I spent eleven days with 39.5 fever, complete weakness, pains and only water. It was probably a relatively intense clinical picture, not the worst of course. There is a terrible exaggeration about the risk of the virus, based on the wrong images of mortality from this infection. Now that we’re starting to estimate how many people have been exposed to the virus, the impression is that most people will be asymptomatic or have much milder symptoms than the clinical picture I experienced.
Does the virus change face during its stay in the human body? What’s wrong with mutations? Do antibody tests pick up all his variants?

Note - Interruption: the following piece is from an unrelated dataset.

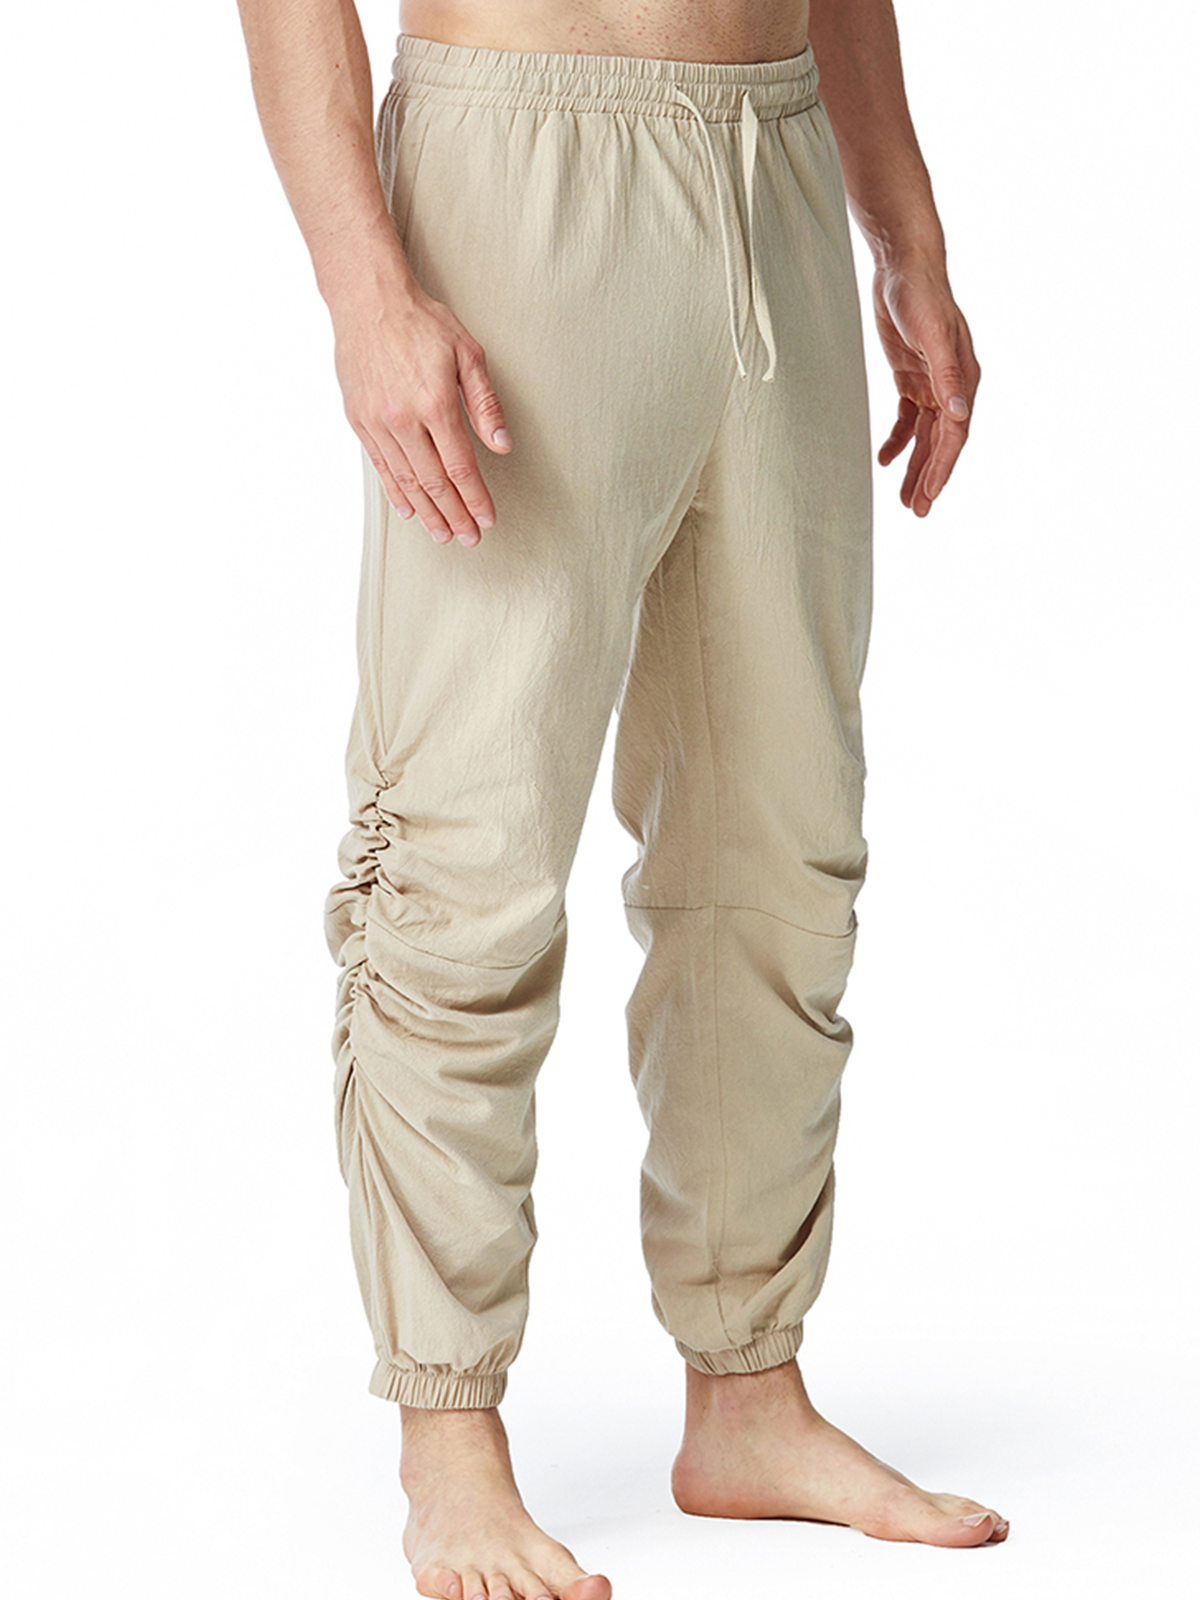 Men's Solid Color Casual Breathable Cotton Pants

The virus is interested in spreading. Like common microbes it doesn’t have to change much to make it, as long as it doesn’t find resistance, i.e. it’s not exposed to drugs or a vaccine. So we don’t expect it to undergo changes that make it unrecognizable to the antibodies we’re now getting. On a much larger time scale, i.e. one to two years, it can change as the flu virus changes every year, but this is not a factor of complexity at this stage. Antibodies usually recognize many virus proteins, the antibody test detects those that recognize stable characteristics, so yes antibodies catch all variants.
What’s your feeling? Is the virus going to disappear all of a sudden, as some people say? Or did it come to stay?
The family of suckers has many members who aspire to be at the forefront of our lives, such as SARS, MERS and now COVID-19. It’ll go into obscurity at some point, but it’ll probably be succeeded by a new cousin. That is why we need to prepare the health systems we have, and civil protection for the next pandemic. The question again is not whether it will be presented. But when.
*Oton Iliopoulos contributed decisively, with his pioneering multi-year research work on cancer and his gene mutations, to be honored with the 2019 Nobel Prize in Medicine, the team of Professor William Kelin of Harvard. The scientific arguments of the Committee of the Swedish Academy of Sciences pointed out that two of the three publications for which the Nobel Prize was awarded at Harvard were the ultimate conception and the practical work of Mr. Iliopoulos.